ClickHouse的底层引擎，分为数据库引擎和表引擎两种，需要重点关注表引擎。

库引擎

库引擎目前支持5种，分别是：Ordinary、Dictionary、Memory、Lazy、MySQL，Ordinary 是默认库引擎，在此类型库引擎下，可以使用任意类型的表引擎。5种库引擎说明：

Ordinary引擎：默认引擎，如果不指定数据库引擎创建的就是Ordinary数据库

Dictionary引擎：此数据库会自动为所有数据字典创建表

Memory引擎：所有数据只会保存在内存中，服务重启数据消失，该数据库引擎只能够创建Memory引擎表

MySQL引擎：改引擎会自动拉取远端MySQL中的数据，并在该库下创建 MySQL表引擎的数据表

Lazy延时引擎：在距最近一次访问间隔expiration_time_in_seconds时间段内，将表保存在内存中，仅适用于Log引擎表
表引擎

ClickHouse的表引擎提供了四个系列（Log、MergeTree、Integration、Special），Log系列用来做小表数据分析，MergeTree系列用来做大数据量分析，而Integration系列则多用于外表数据集成。Log、Special、Integration系列的表引擎相对来说，应用场景有限，功能简单，应用特殊用途，MergeTree系列表引擎又和两种特殊表引擎（Replicated，Distributed）正交形成多种具备不同功能的MergeTree表引擎。

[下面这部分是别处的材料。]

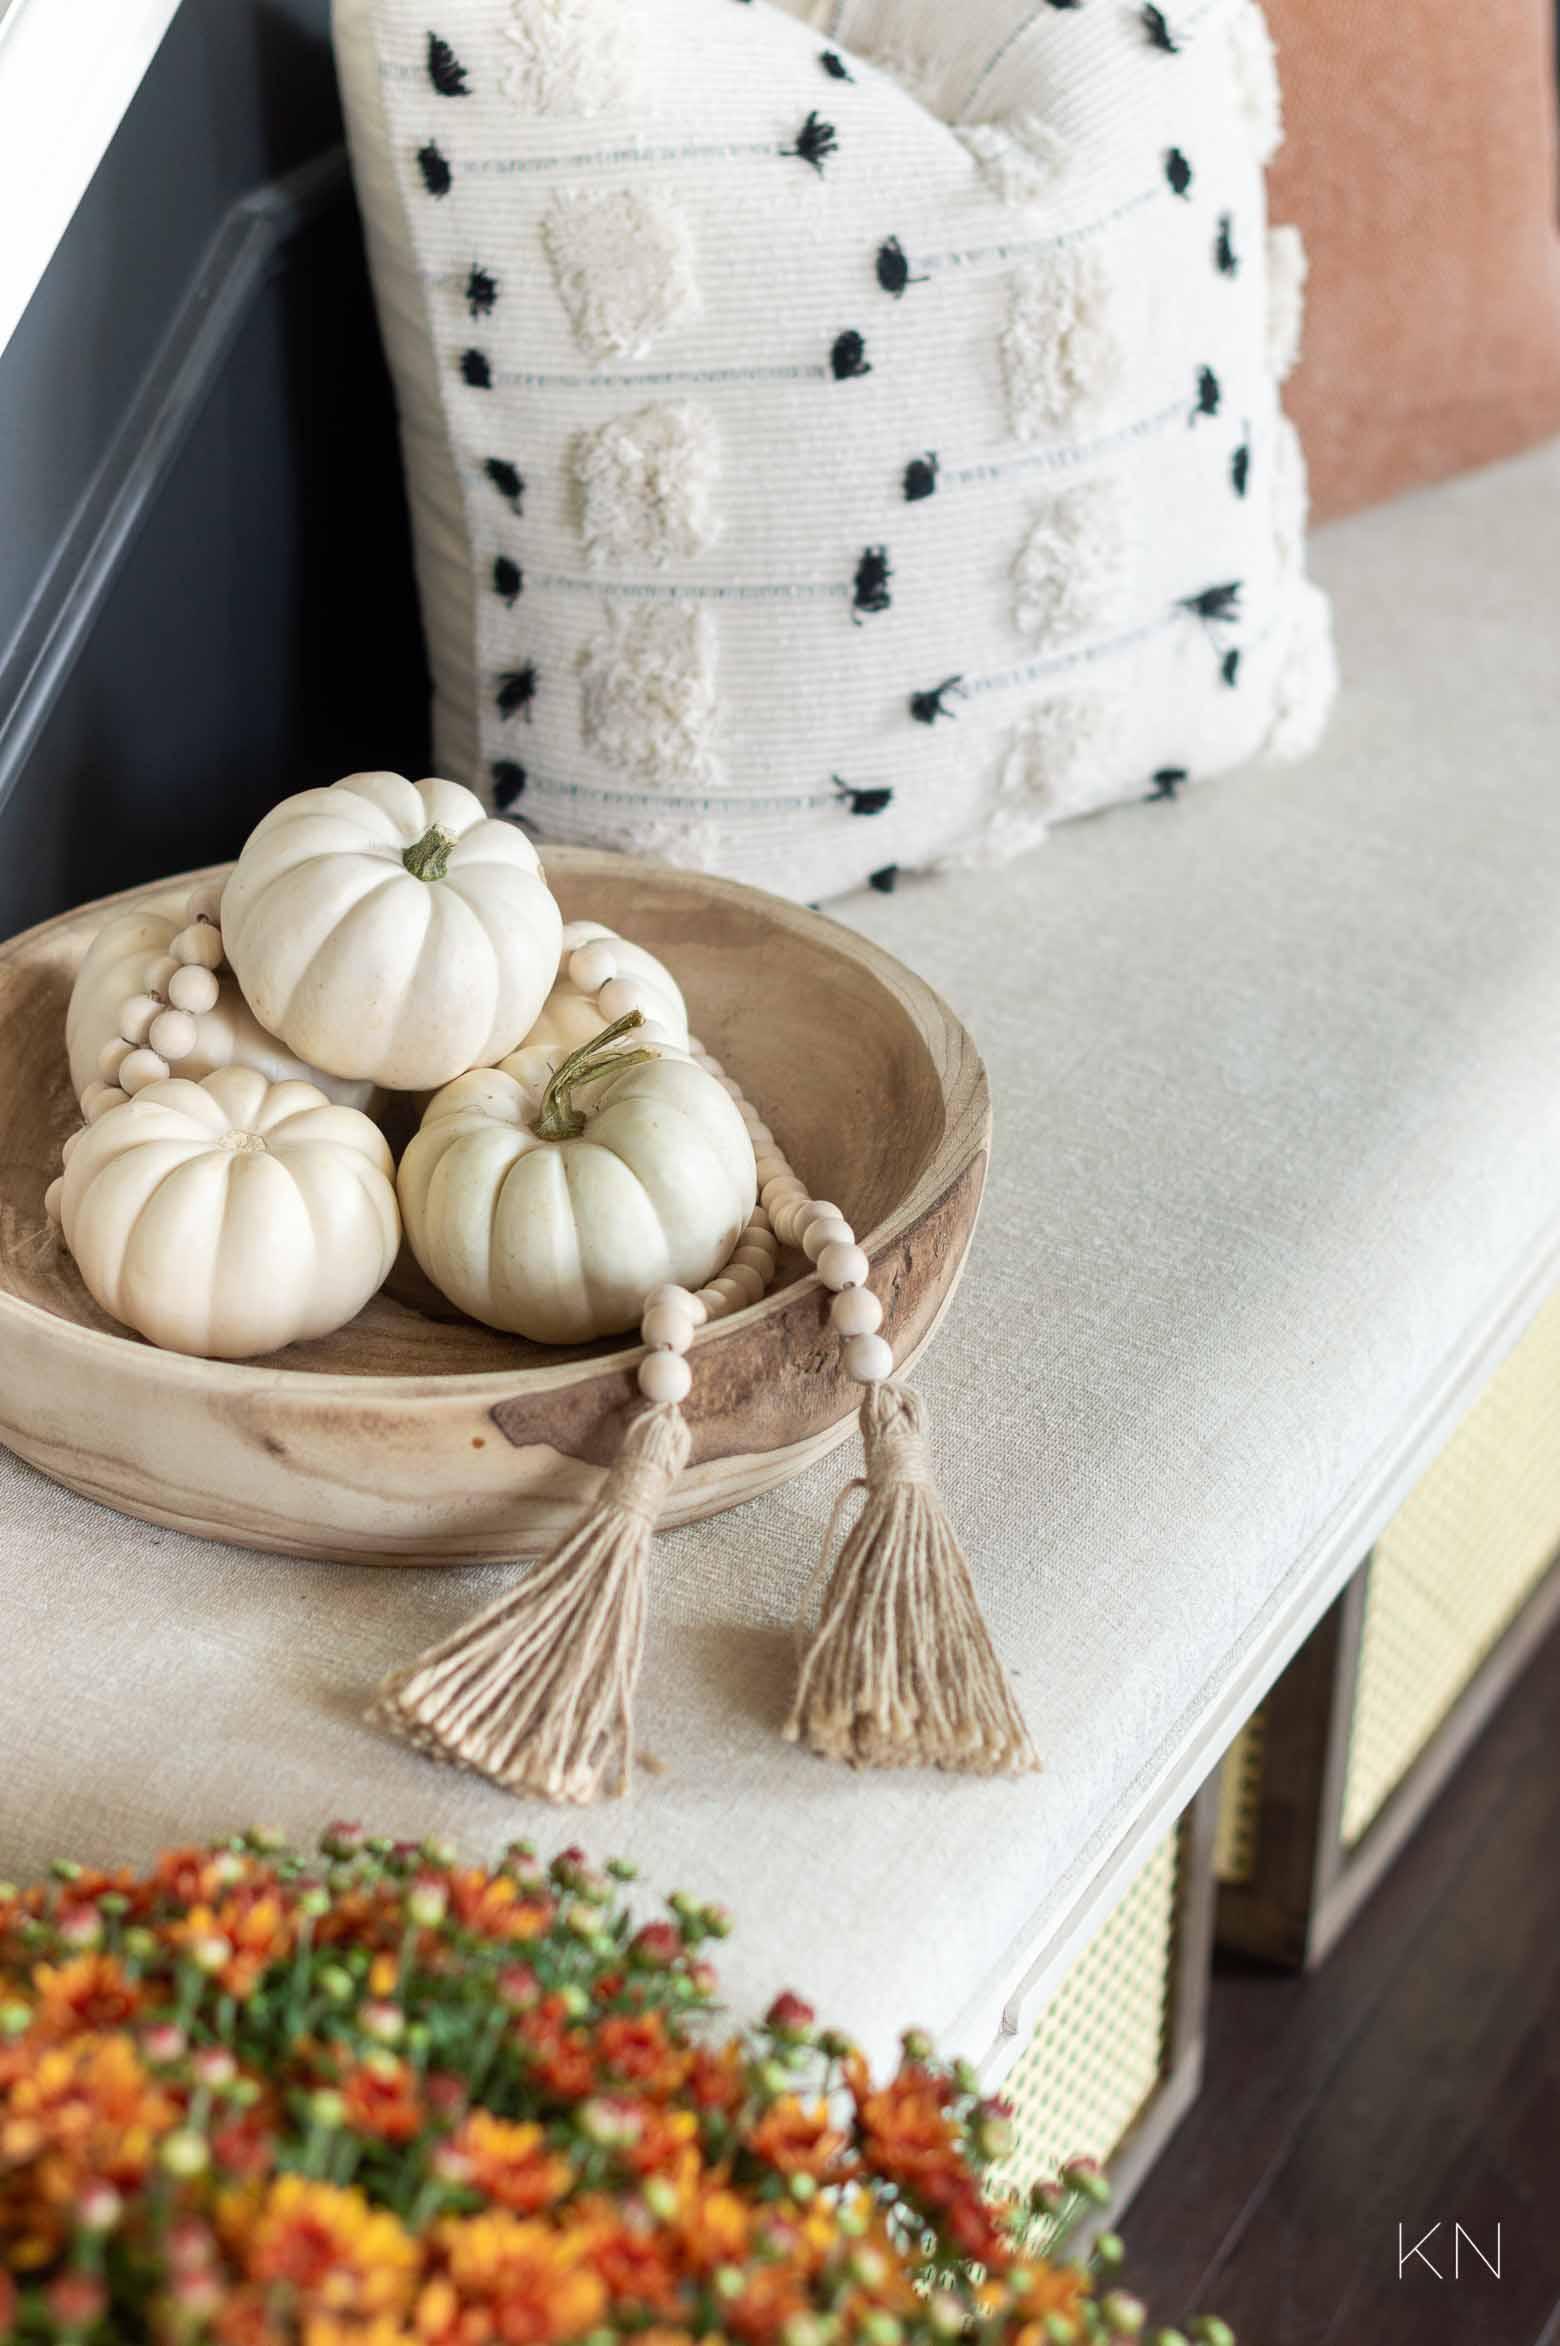 Simple Home Decor Ideas for Fall

MergeTree系列是官方主推的存储引擎，支持几乎所有ClickHouse核心功能，该系列中，常用的表引擎有：MergeTree、ReplacingMergeTree、CollapsingMergeTree、VersionedCollapsingMergeTree、SummingMergeTree、AggregatingMergeTree等。

MergeTree

MergeTree表引擎主要用于海量数据分析，支持数据分区、存储有序、主键索引、稀疏索引、数据TTL等。MergeTree支持所有ClickHouse SQL语法，但是有些功能与 MySQL并不一致，比如在MergeTree中主键并不用于去重。
ReplacingMergeTree

为了解决MergeTree相同主键无法去重的问题，ClickHouse提供了ReplacingMergeTree引擎，用来做去重。ReplacingMergeTree确保数据最终被去重，但是无法保证查询过程中主键不重复。因为相同主键的数据可能被shard到不同的节点，但是 compaction只能在一个节点中进行，而且optimize查询的时机也不确定。因此，ReplacingMergeTree适合在后台清除重复的数据，以节省空间，但它不能保证没有重复的数据。
CollapsingMergeTree

CollapsingMergeTree引擎要求在建表语句中指定一个标记列Sign（插入的时候指定为1，删除的时候指定为-1），后台Compaction时会将主键相同、Sign相反的行进行折叠，也即删除。来消除ReplacingMergeTree的限制。该引擎可以大大减少存储量，并因此提高SELECT查询的效率。
VersionedCollapsingMergeTree

VersionedCollapsingMergeTree 的用途与 CollapsingMergeTree 相同，但使用不同的折叠算法，允许使用多个线程以任意顺序插入数据。VersionedCollapsingMergeTree表引擎在建表语句中新增了一列Version，用于在乱序情况下记录状态行与取消行的对应关系。即使它们以错误的顺序插入也允许。相反，CollapsingMergeTree 只允许严格连续的插入。
SummingMergeTree

ClickHouse通过SummingMergeTree来支持对主键列进行预先聚合。在后台Compaction时，会将主键相同的多行进行sum求和，然后使用一行数据取而代之，从而大幅度降低存储空间占用，提升聚合计算性能。
AggregatingMergeTree

AggregatingMergeTree也是预先聚合引擎的一种，用于提升聚合计算的性能。与SummingMergeTree的区别在于：SummingMergeTree对非主键列进行sum聚合，而 AggregatingMergeTree则可以指定各种聚合函数。

MergeTree建表语法：

CREATE TABLE [IF NOT EXISTS] [db.]table_name [ON CLUSTER cluster]
(
    name1 [type1] [DEFAULT|MATERIALIZED|ALIAS expr1] [TTL expr1],
    name2 [type2] [DEFAULT|MATERIALIZED|ALIAS expr2] [TTL expr2],
    ...
    INDEX index_name1 expr1 TYPE type1(...) GRANULARITY value1,
    INDEX index_name2 expr2 TYPE type2(...) GRANULARITY value2
) ENGINE = MergeTree()
ORDER BY expr
[PARTITION BY expr]
[PRIMARY KEY expr]
[SAMPLE BY expr]
[TTL expr [DELETE|TO DISK 'xxx'|TO VOLUME 'xxx'], ...]
[SETTINGS name=value, ...]

子句解释：

ENGINE - 引擎名和参数。

ORDER BY -排序键。如果没有使用 PRIMARY KEY 显式指定的主键，ClickHouse 会使用排序键作为主键。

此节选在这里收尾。